Small Town Turns Frugal

It's not often I see something like this, particularly in our small town.

New Hampshire is usually portrayed as being particularly frugal. It's not as true as it used to be.

Many communities in the state have seen spending and taxes increase at well above the rate of inflation, even taking population growth into account. So it's been in our town.

This past year our property assessment went up 20%, while the town property tax rate went down. But the property taxes on The Manse went up 10%. That's about 6 points above the rate of inflation. Our town has seen new commercial properties come onto the tax rolls, some worth millions of dollars that added a substantial amount to the tax rolls and taxes collected. Yet the taxes went up.

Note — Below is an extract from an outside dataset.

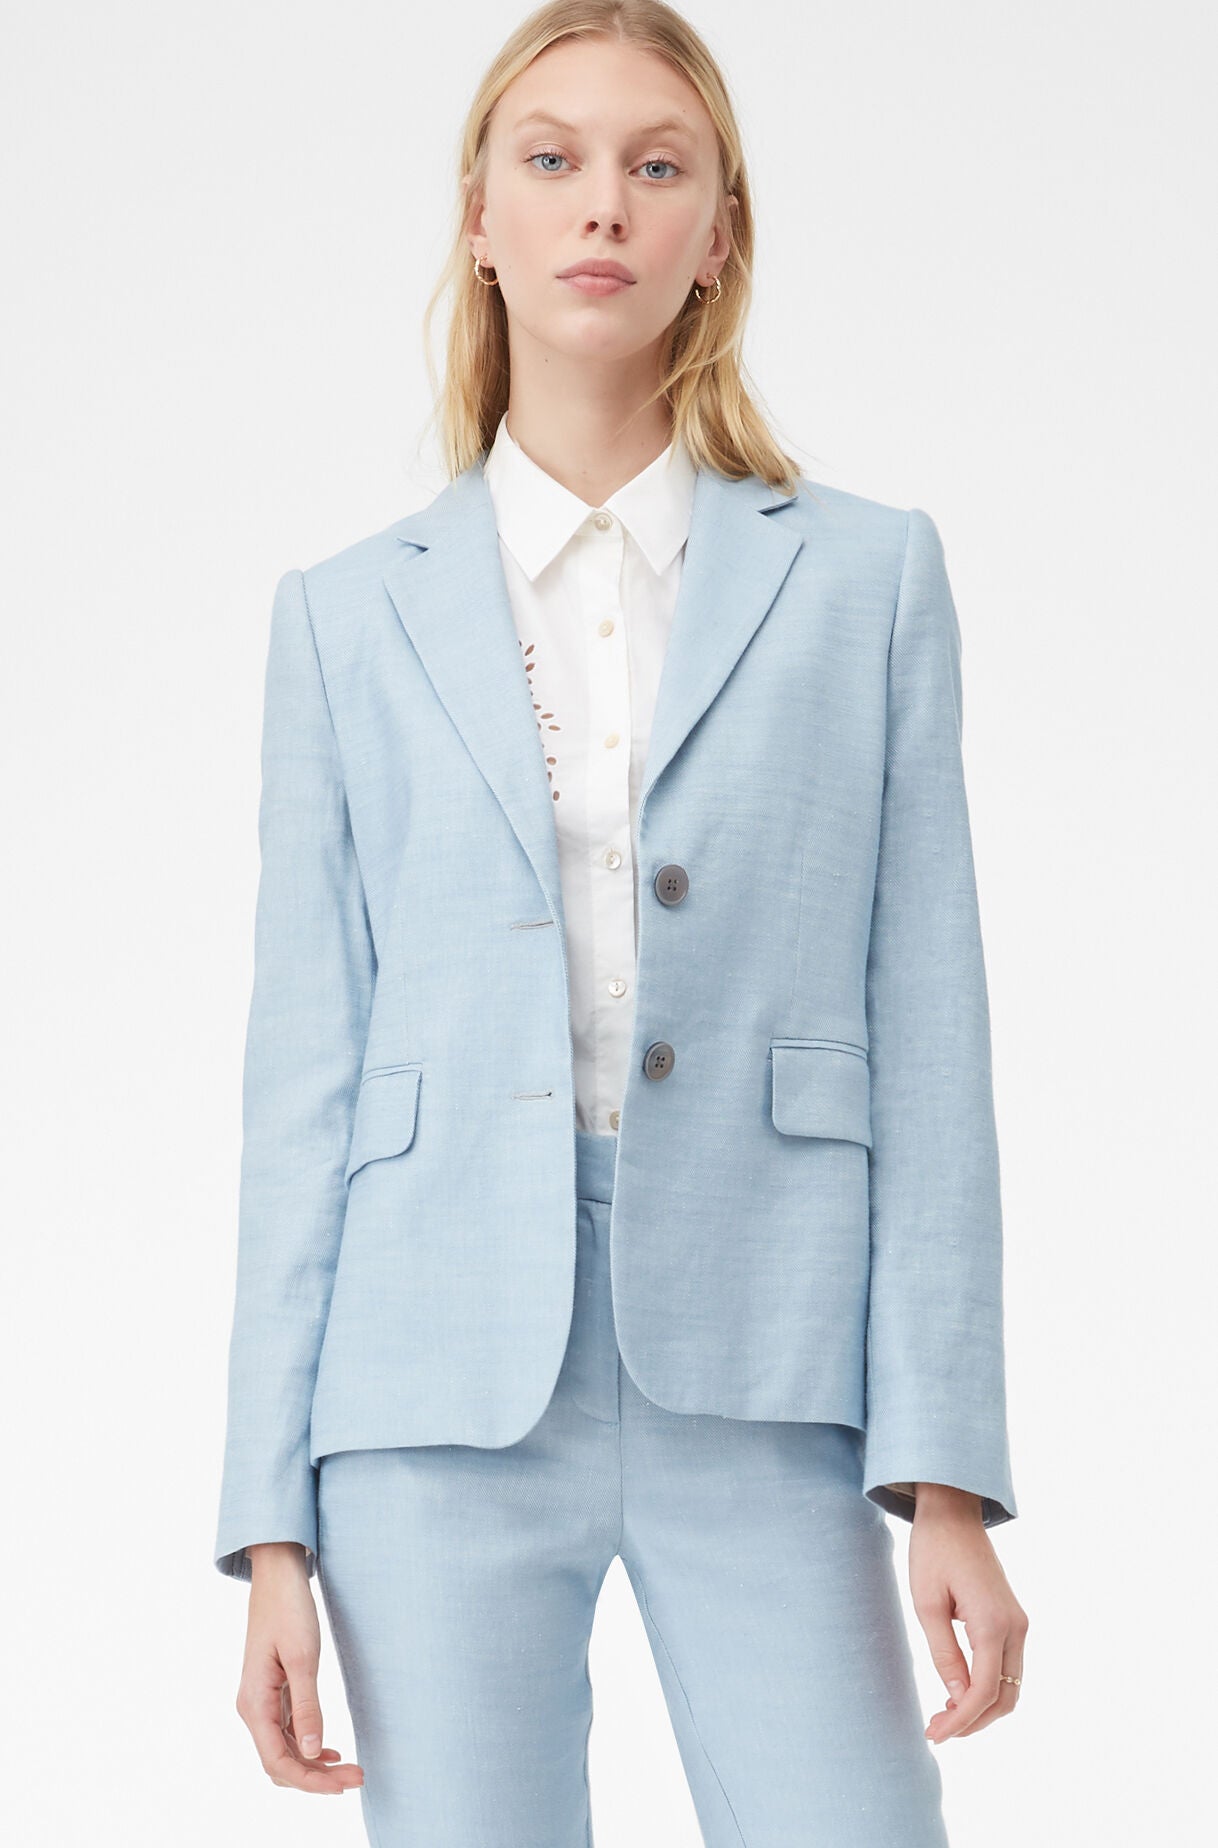 Rebecca Taylor | Tailored Twill Suiting Jacket in Washed Blue | Rebecca ...
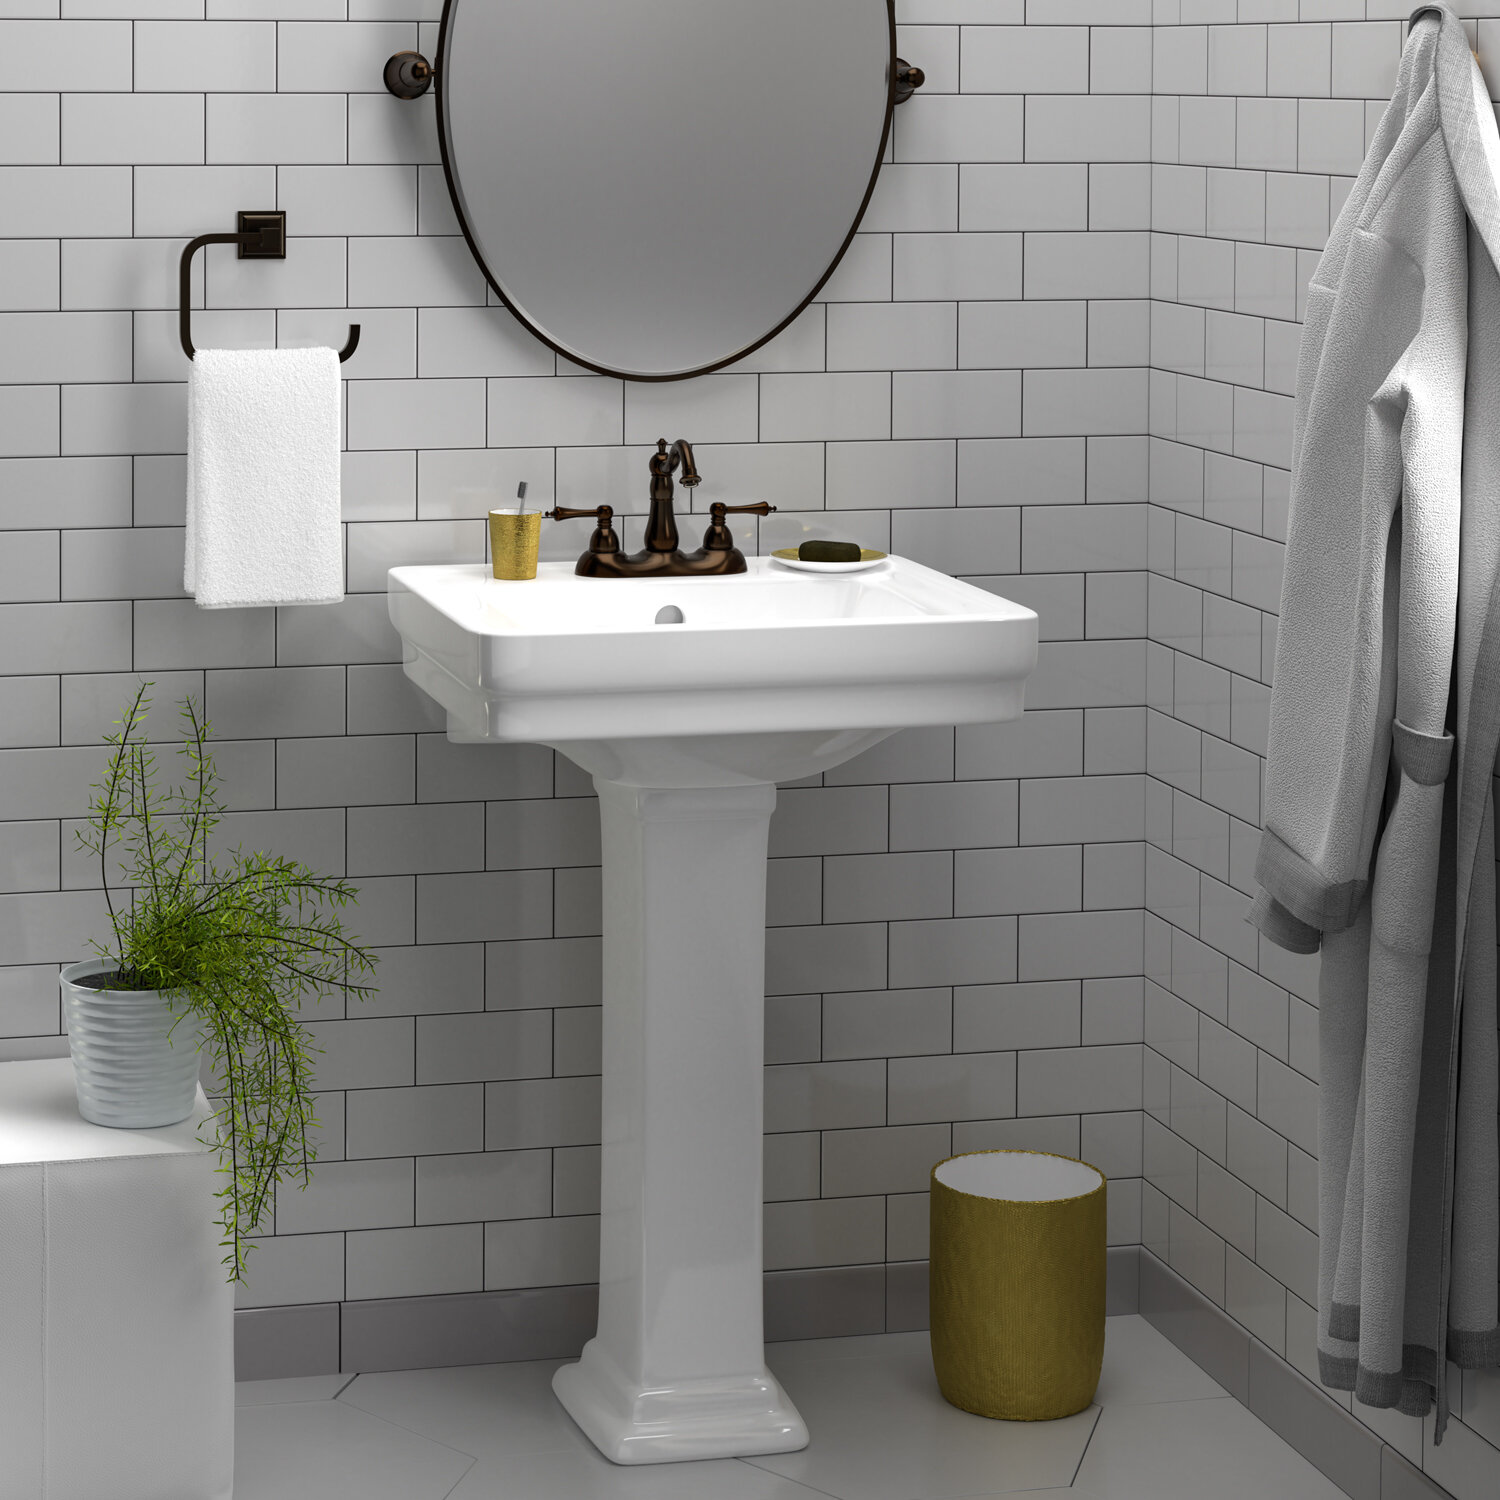 Barclay Sussex Vitreous China Rectangular Pedestal Bathroom Sink With Overflow Reviews Wayfair

Our town was not being frugal with its spending as it should have been.

For far too long many things that most people would consider nice-to-haves have somehow become need-to-haves. It's not quite as bad in our town as I have seen in others, but it was heading that way. And then the townspeople did something that gave me a glimmer of hope.

They voted down the school budget and an almost $1 million bond issue.

Last year's school budget was approximately $21,250,000. I don't know about you, but for a town of 7,000 people, that's a lot of money. This year's proposed school budget was set at approximately $22,700,000! I don't know about you, but that's a ton of money. Apparently the townspeople thought so, too. They said no to the budget, meaning that they school system would revert to what is called a 'default budget'. The default budget is basically the previous year's budget. That will save the taxpayers about $1.5 million of their hard earned money.

I wish I could say that the vote on the proposed school budget was solely based upon the economics, but like any small town, there were political issues that were probably just as much a cause of the voter's rejection of the budget. Since I feel there's no need to delve into something that has no interest to you, I'll spare all 13 of my readers from my rather insipid take on the whole thing. (Trust me, I'm doing you all a favor.)

But it seems that there is some movement to bring town spending under control. Some signs of that include the election of fiscally conservative candidates to the Budget Committee and the Board of Selectmen. I'd like to think that we might yet restore Yankee frugality to our small town, something we've badly needed for some time.